(Beginning of RECORDS TO PROCESS)
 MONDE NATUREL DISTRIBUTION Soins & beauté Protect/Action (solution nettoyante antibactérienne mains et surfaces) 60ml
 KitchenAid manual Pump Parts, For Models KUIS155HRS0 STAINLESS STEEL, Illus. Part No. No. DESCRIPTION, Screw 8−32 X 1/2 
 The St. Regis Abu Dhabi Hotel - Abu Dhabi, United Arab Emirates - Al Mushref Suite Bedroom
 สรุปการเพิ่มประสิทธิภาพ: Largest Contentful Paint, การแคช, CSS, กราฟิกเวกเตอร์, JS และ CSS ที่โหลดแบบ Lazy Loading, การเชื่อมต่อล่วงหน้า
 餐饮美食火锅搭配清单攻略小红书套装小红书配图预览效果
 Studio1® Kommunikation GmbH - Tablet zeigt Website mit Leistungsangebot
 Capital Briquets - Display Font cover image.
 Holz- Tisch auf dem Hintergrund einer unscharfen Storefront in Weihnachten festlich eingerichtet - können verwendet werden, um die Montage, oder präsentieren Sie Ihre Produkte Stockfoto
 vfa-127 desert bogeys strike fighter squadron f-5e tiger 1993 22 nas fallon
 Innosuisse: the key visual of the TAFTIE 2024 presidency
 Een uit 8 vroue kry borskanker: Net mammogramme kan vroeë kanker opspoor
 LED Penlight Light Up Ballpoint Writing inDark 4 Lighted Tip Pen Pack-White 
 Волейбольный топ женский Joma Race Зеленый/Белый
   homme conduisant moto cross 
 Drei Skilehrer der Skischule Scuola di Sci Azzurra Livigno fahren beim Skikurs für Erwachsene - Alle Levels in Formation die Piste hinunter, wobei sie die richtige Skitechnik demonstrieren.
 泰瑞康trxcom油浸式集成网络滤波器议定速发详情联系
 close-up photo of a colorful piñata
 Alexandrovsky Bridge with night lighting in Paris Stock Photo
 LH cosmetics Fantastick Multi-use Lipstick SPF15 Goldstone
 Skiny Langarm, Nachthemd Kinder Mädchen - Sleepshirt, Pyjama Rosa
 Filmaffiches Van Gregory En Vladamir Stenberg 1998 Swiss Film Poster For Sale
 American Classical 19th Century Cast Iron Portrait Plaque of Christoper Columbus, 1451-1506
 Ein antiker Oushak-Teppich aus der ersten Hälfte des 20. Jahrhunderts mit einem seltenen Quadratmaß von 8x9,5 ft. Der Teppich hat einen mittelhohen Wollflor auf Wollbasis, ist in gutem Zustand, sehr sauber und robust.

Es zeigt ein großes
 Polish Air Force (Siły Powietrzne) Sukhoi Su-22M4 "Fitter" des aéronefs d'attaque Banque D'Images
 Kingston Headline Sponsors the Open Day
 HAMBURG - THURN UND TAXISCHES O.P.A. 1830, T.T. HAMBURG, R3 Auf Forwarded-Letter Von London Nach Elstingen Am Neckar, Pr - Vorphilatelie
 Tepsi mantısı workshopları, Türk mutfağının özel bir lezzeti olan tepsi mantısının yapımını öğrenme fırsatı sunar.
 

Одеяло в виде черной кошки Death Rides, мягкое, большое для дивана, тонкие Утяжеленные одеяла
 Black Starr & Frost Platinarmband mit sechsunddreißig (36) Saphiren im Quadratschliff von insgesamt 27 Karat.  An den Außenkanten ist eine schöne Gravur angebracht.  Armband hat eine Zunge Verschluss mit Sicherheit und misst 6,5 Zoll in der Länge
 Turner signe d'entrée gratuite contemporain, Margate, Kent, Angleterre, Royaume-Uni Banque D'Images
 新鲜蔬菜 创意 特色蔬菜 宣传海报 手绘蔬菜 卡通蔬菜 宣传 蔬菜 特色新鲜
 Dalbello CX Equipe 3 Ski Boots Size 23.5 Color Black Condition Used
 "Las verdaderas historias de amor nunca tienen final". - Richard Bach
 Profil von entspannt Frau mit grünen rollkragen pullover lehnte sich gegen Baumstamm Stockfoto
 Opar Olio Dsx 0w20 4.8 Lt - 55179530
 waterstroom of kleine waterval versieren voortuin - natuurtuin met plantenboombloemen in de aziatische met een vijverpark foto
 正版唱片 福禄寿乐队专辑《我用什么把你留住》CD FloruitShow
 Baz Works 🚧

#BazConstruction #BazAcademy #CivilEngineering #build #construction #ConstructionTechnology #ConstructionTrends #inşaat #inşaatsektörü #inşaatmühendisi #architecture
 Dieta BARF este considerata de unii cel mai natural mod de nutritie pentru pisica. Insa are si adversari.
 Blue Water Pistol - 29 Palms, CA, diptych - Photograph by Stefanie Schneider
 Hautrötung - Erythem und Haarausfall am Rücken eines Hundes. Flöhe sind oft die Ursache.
(End of RECORDS TO PROCESS)
Starting with the line with "LH cosmetics Fantastick" above and going on through the line with "Turner signe d'entrée", transcribe every line exactly, both ends included, and add nothing.

 LH cosmetics Fantastick Multi-use Lipstick SPF15 Goldstone
 Skiny Langarm, Nachthemd Kinder Mädchen - Sleepshirt, Pyjama Rosa
 Filmaffiches Van Gregory En Vladamir Stenberg 1998 Swiss Film Poster For Sale
 American Classical 19th Century Cast Iron Portrait Plaque of Christoper Columbus, 1451-1506
 Ein antiker Oushak-Teppich aus der ersten Hälfte des 20. Jahrhunderts mit einem seltenen Quadratmaß von 8x9,5 ft. Der Teppich hat einen mittelhohen Wollflor auf Wollbasis, ist in gutem Zustand, sehr sauber und robust.

Es zeigt ein großes
 Polish Air Force (Siły Powietrzne) Sukhoi Su-22M4 "Fitter" des aéronefs d'attaque Banque D'Images
 Kingston Headline Sponsors the Open Day
 HAMBURG - THURN UND TAXISCHES O.P.A. 1830, T.T. HAMBURG, R3 Auf Forwarded-Letter Von London Nach Elstingen Am Neckar, Pr - Vorphilatelie
 Tepsi mantısı workshopları, Türk mutfağının özel bir lezzeti olan tepsi mantısının yapımını öğrenme fırsatı sunar.
 

Одеяло в виде черной кошки Death Rides, мягкое, большое для дивана, тонкие Утяжеленные одеяла
 Black Starr & Frost Platinarmband mit sechsunddreißig (36) Saphiren im Quadratschliff von insgesamt 27 Karat.  An den Außenkanten ist eine schöne Gravur angebracht.  Armband hat eine Zunge Verschluss mit Sicherheit und misst 6,5 Zoll in der Länge
 Turner signe d'entrée gratuite contemporain, Margate, Kent, Angleterre, Royaume-Uni Banque D'Images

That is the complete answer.